We will need to be able to:
- Add a user to the network.
A user has:
- A unique username.
- A list of friends. (Initially empty)
- A list of posts. (Initially empty)
- Name
- Age
- Remove a user from the network.
- Add a friendship. A friendship is a mutual relationship between two users. If user A is friends with user B, then user B is friends with user A.
- Get the friends of a user.
- Remove a friendship.
- Given two users, find the shortest path between them. The path should be a list of users starting with the first user and ending with the second user. If there is no path, return None.
- Make a post. A post has:
- A unique id.
- The user who made the post.
- The content of the post.
- The time the post was made.
- Get the posts of a user.
- Get the posts of a user's friends.
- Get the posts of a user's friends of friends.
- Get the posts of a user's friends for a given time period.
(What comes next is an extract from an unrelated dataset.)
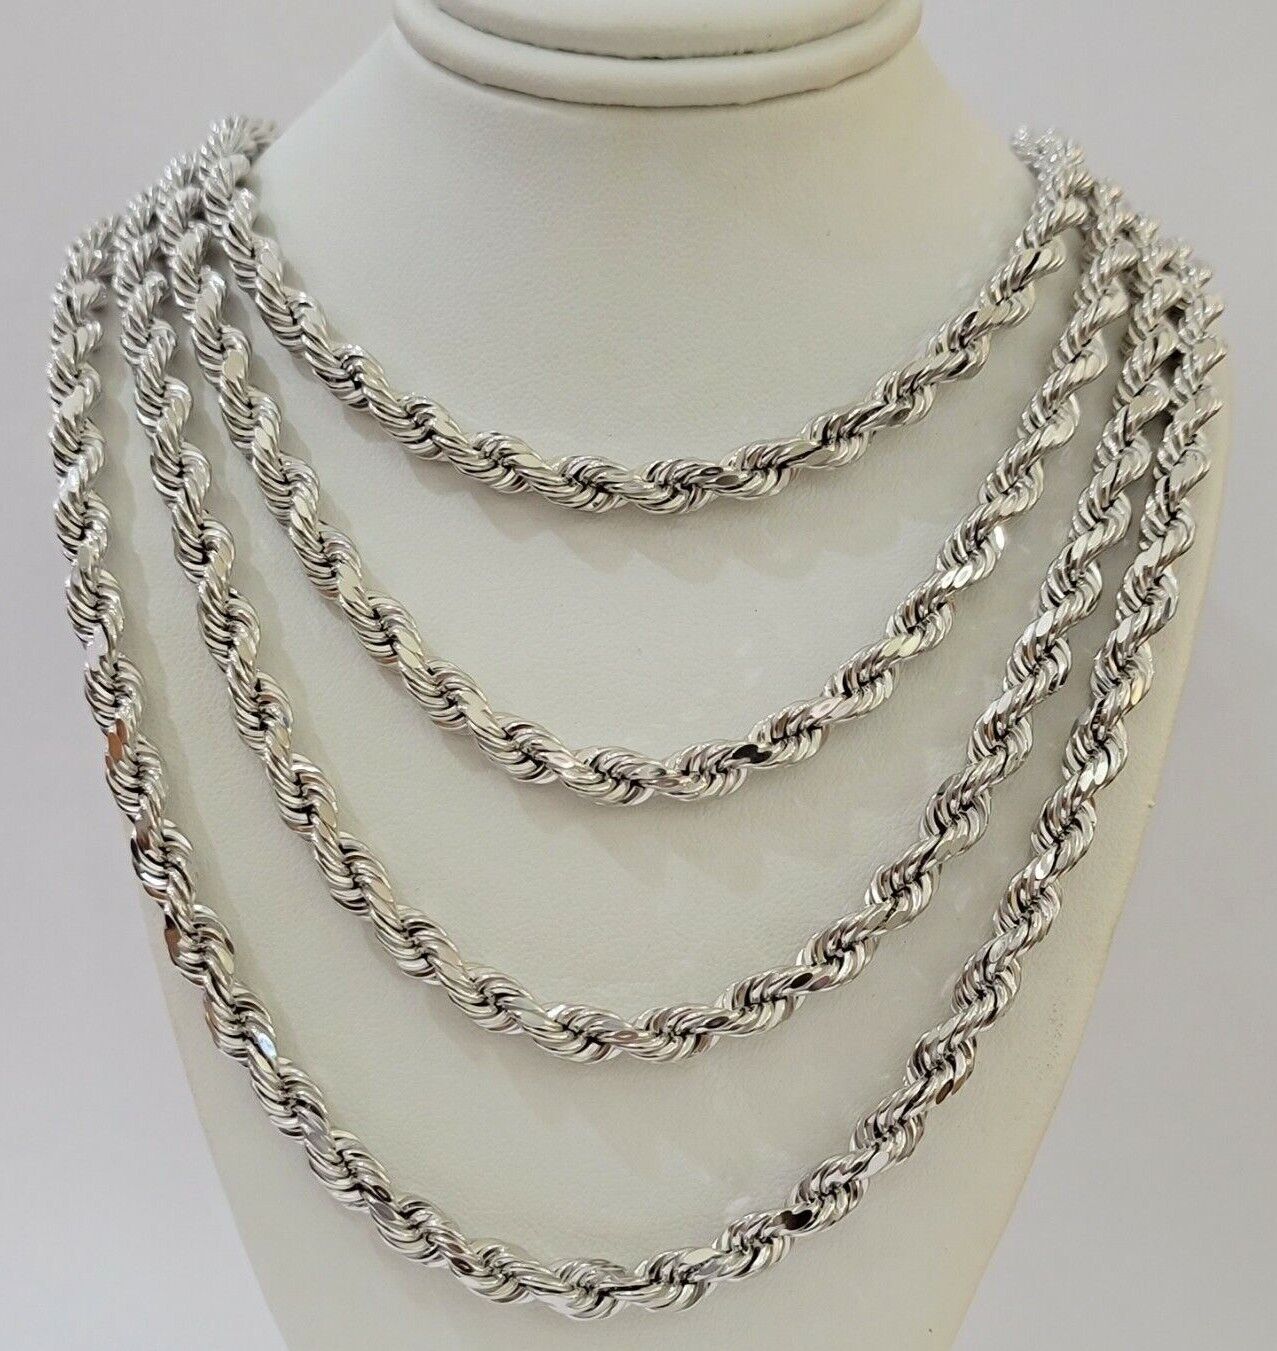 Real 10k White Gold Rope Chain Necklace 22 Inch 6mm Diamond Cuts Mens 10KT SOLID

Some of the questions, like the ones above, do not specify anything specific to Rust, while others do:
Create a declarative macro tree! that builds a tree structure.
- tree!(value) -> Create a leaf node with the given value.
- tree!(value, child1, child2, ...) -> Create a node with the given value and children.
The tree! macro should be able to handle any number of children.
It should handle any type that implements clone.
The resulting tree should be immutable.
The total cost has been approximately $70, with almost 50% of it resulting from running o1-preview once for each problem.